* [DATA FOR PROCESSING]
· · · ·

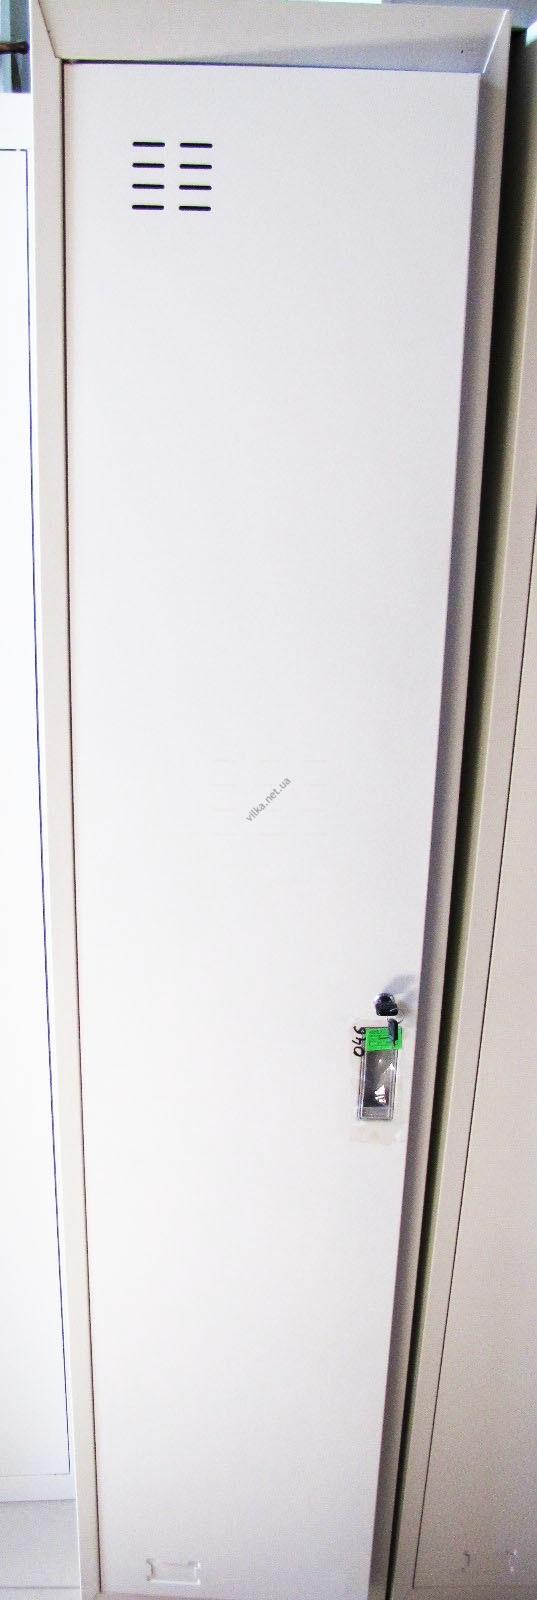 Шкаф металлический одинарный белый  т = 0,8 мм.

· · · ·

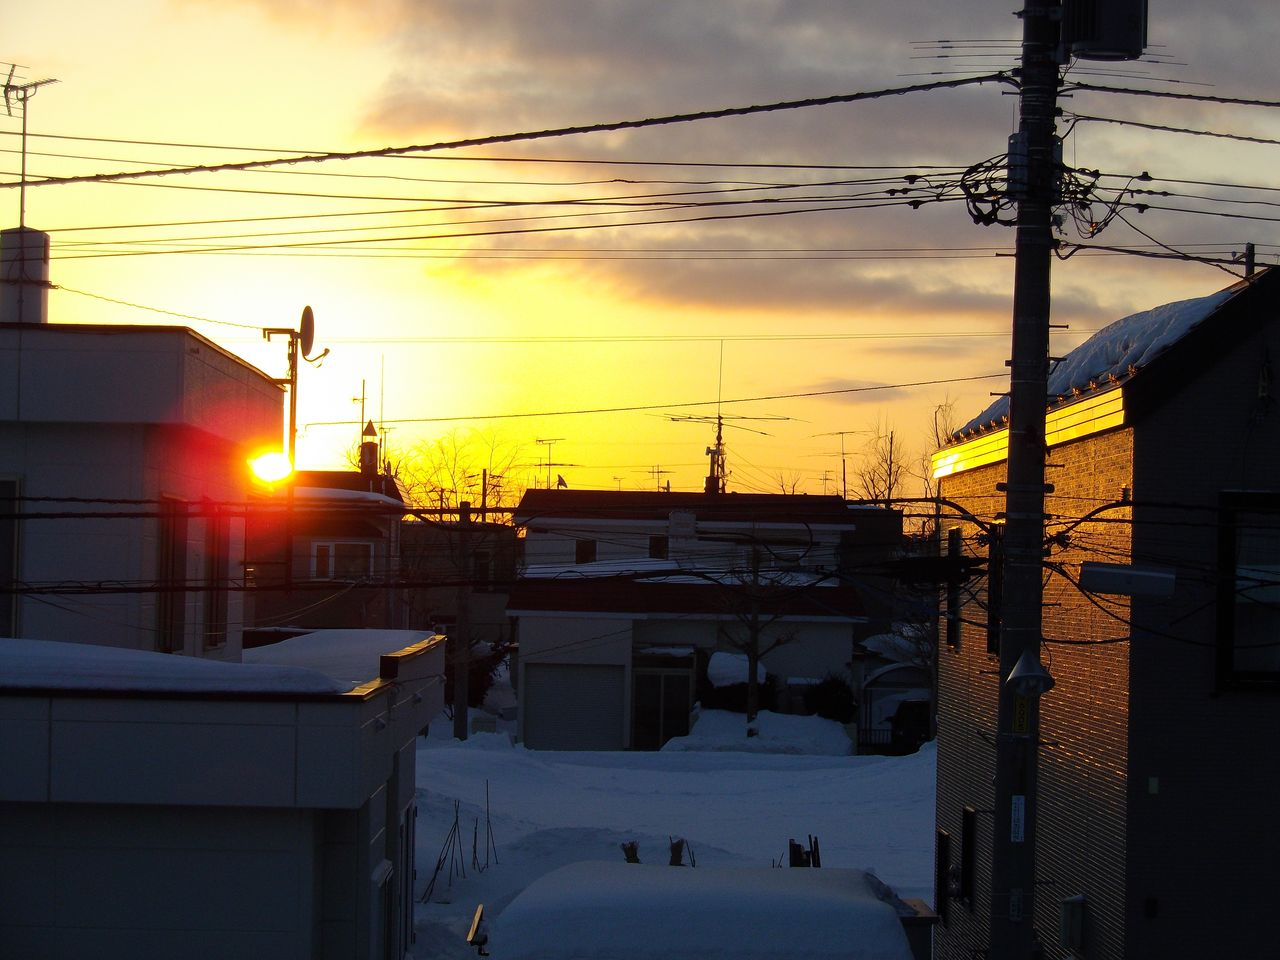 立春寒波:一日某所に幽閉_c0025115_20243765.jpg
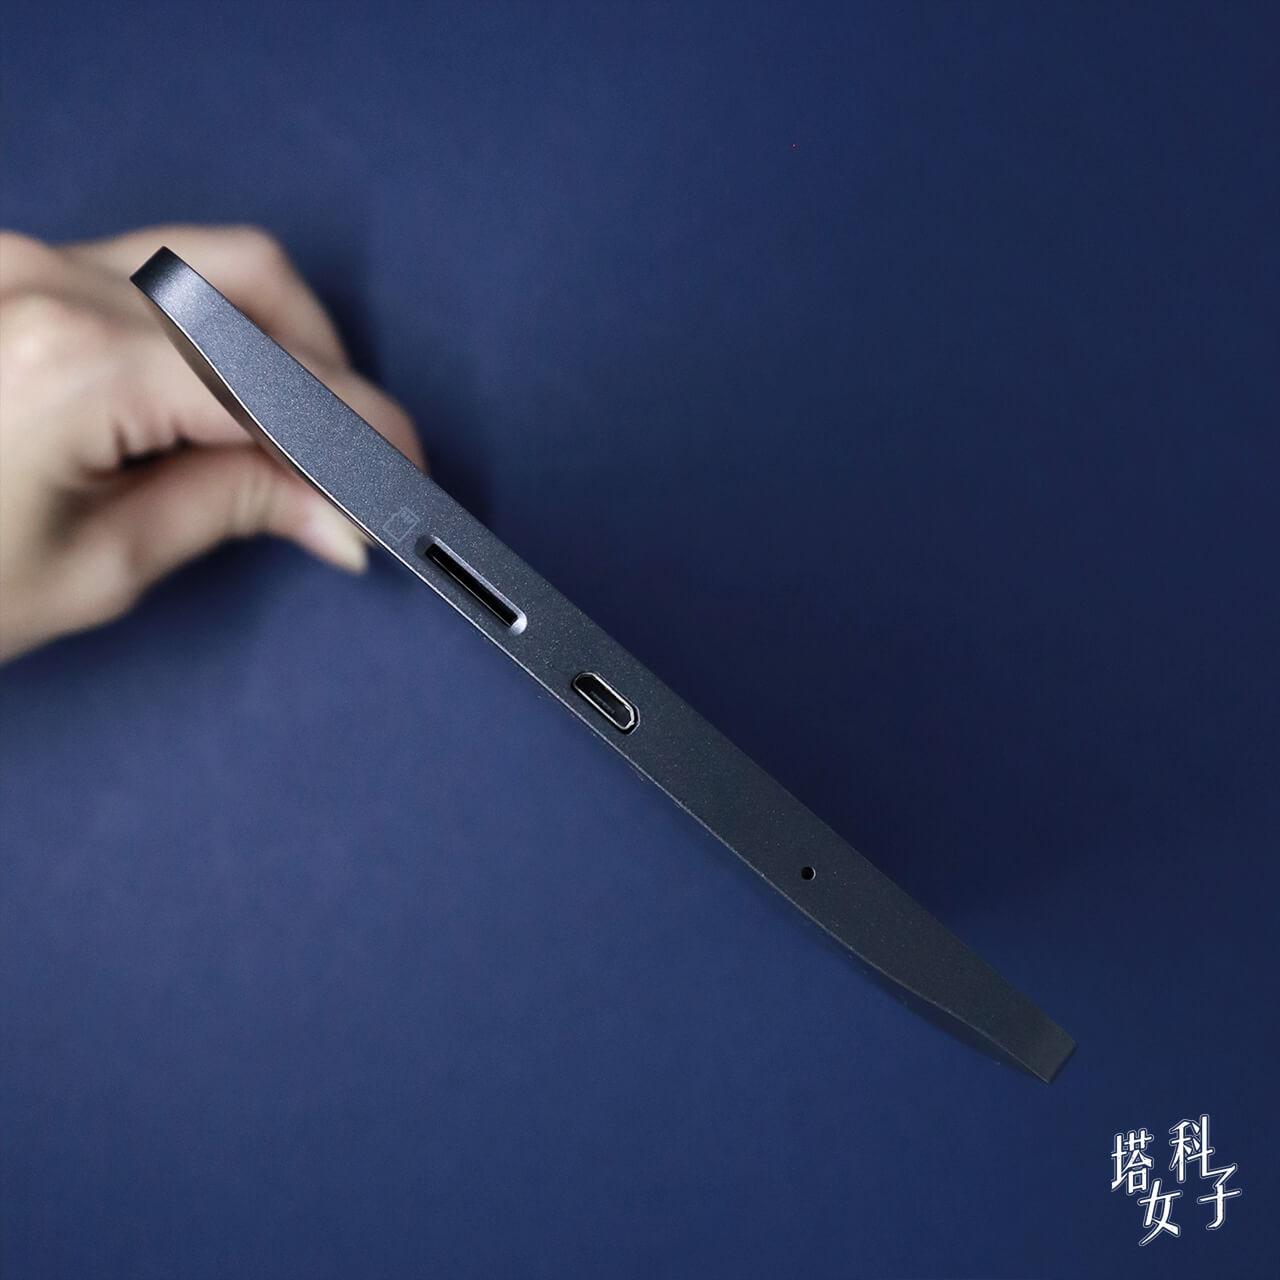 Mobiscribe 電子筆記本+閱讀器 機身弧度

· · · ·

* [PROBLEM TO SOLVE] Copy the lines above exactly, starting with the line that contains "立春寒波:一日某所に幽閉_c0025115_20243765.jpg" and ending with the line that contains "Mobiscribe 電子筆記本+閱讀器 機身弧度", and leave out any pictures.

* [FINISHED TASK]
 立春寒波:一日某所に幽閉_c0025115_20243765.jpg
 Mobiscribe 電子筆記本+閱讀器 機身弧度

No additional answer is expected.